When it comes to mastering accounts receivable management, you will get a crucial perspective on earning steady revenue and ensuring the efficient cash flow for your business purposes.
At the same time, efficient processes will lead to timely payments and better client relationships due to high liquidity. On the other hand, you should remember that neglecting AR management can lead to wasting resources, lost revenue, accounting mistakes and bad cash flow.
That is why you should stay with us to learn a few things on How an Increase in Accounts Receivable Affects Cash Flow, which will help you throughout the process. Let us start from the beginning.
Things to Know About Accounts Receivable Management
It is important to remember that account receivable is any money that your client owes to your business.
We are talking about implementation of various processes and system that will help you track the money you are owed by others including billing and invoicing, communication with clients, payment processing, internal communication and processes, credit policies and collection processes.
As you can see the account receivable staff will work closely with finance and sales team, meaning they will responsible for recording transactions, collecting revenue, resolving discrepancies, verifying payments and dealing with accounts by following certain factors.
The primary idea of effective account receivable management is to optimize your payments, billing and collection processes with an idea to reduce the time required for getting paid and eliminate the risk of bad debt that may happen to numerous businesses across the globe.
Another important consideration is that receivable management features creating following practices and standards for your business that will facilitate efficient payment and billing for your clients.
You should click here to learn more about account receivable management.
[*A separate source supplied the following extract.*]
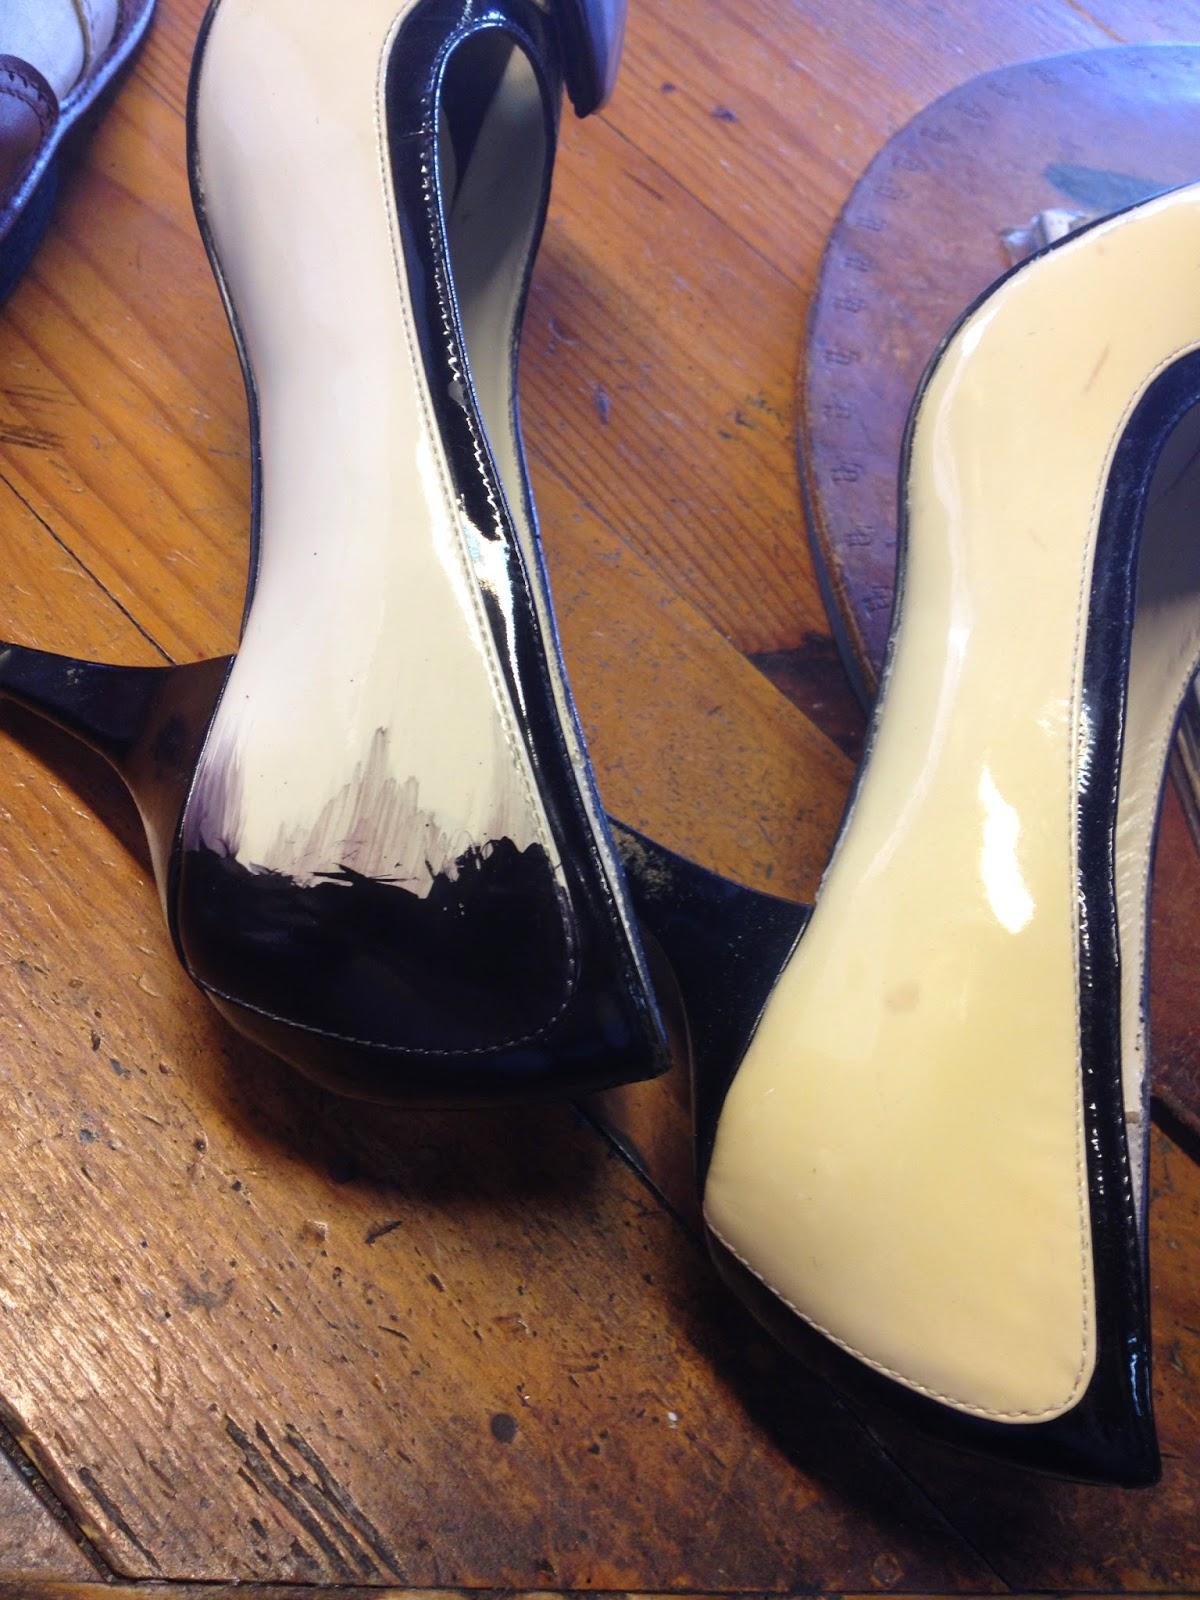 Teindre chaussure daim en noir - Teinture pour cuir ...

We are talking about getting paid on time and avoiding late payments, which is a common situation that happens to most businesses.
Tips for Improving Account Receivable Management
After understanding the definition and perspective, the next step is understanding the tips that will help you improve overall management and make relevant collection efficient and effortless in the long run.
1. Online Payments and Electronic Billing System
You should remember that snail-mail billing and paper-based options such as checks are outdated and inefficient. They are simple to lose and generally time-consuming to track throughout the process. Instead, we recommend you to switch to an electronic invoicing system that will track pending payments and let clients make online payment.
By integrating payments and billing, you will automate the record-keeping processes, which will provide you a peace of mind and decrease the chances for human error. We recommend you to use invoicing software that already features integrated payment processing, so clients can click from their bill to initiate payment as soon as possible.
At the same time, the system will automatically record payment for you in form of cash application, which is vital to remember. This is also important factor for systematic and customized follow-up, especially in case of late payments. Your business can stay on top regarding collecting payments, while communications will be tailored to each customer.
2. Use Proper KPIs
If you wish to ensure that your accounts receivable processes are properly functioning, we recommend you to keep track of AR performance metrics, which are important along the way.
- DSO or Days Sales Outstanding – You should know that this particular metric will help you optimize your process with an idea to reach the desired reduction. We are talking about the average amount of time you need to collect a specific payment. The best course of action is keeping it below thirty days.
- ADD or Average Days Delinquent – Another important consideration is determining the average client payments and when they are reaching a specific overdue. It is another number you wish to keep as low as possible. The moment it rises, you should check out various processes to determine whether billing is smooth and staffed to deal with collections.
- Account Receivable Turnover Ratio – This particular number will show how quickly you are collecting revenue from clients and turning it into cash. At the same time, it will indicate the cash flow that you are using. We recommend you to keep it low, because a high ratio means that you have lots of open accounts with uncollected revenue. Instead, you should revisit and deal with various processes to ensure their smoothness.
Check out this guide: https://fiscal.treasury.gov/crs/ to learn more about account receivable.
- CEI or Collection Effectiveness Index – You should know that the percentage of accounts that you decide to turn over or collect revenue on depends on this index. The main idea is to keep it close to a hundred, which is an indication that you are collecting payment from all clients that you have.
- Revised Invoices – We recommend you to avoid the requirement for revising customer invoices throughout the process. In case you can see a rise in your number of revised invoices for a certain period, you should check out billing policies and consider staffing requirements to avoid errors that delay payment and boost efficiency.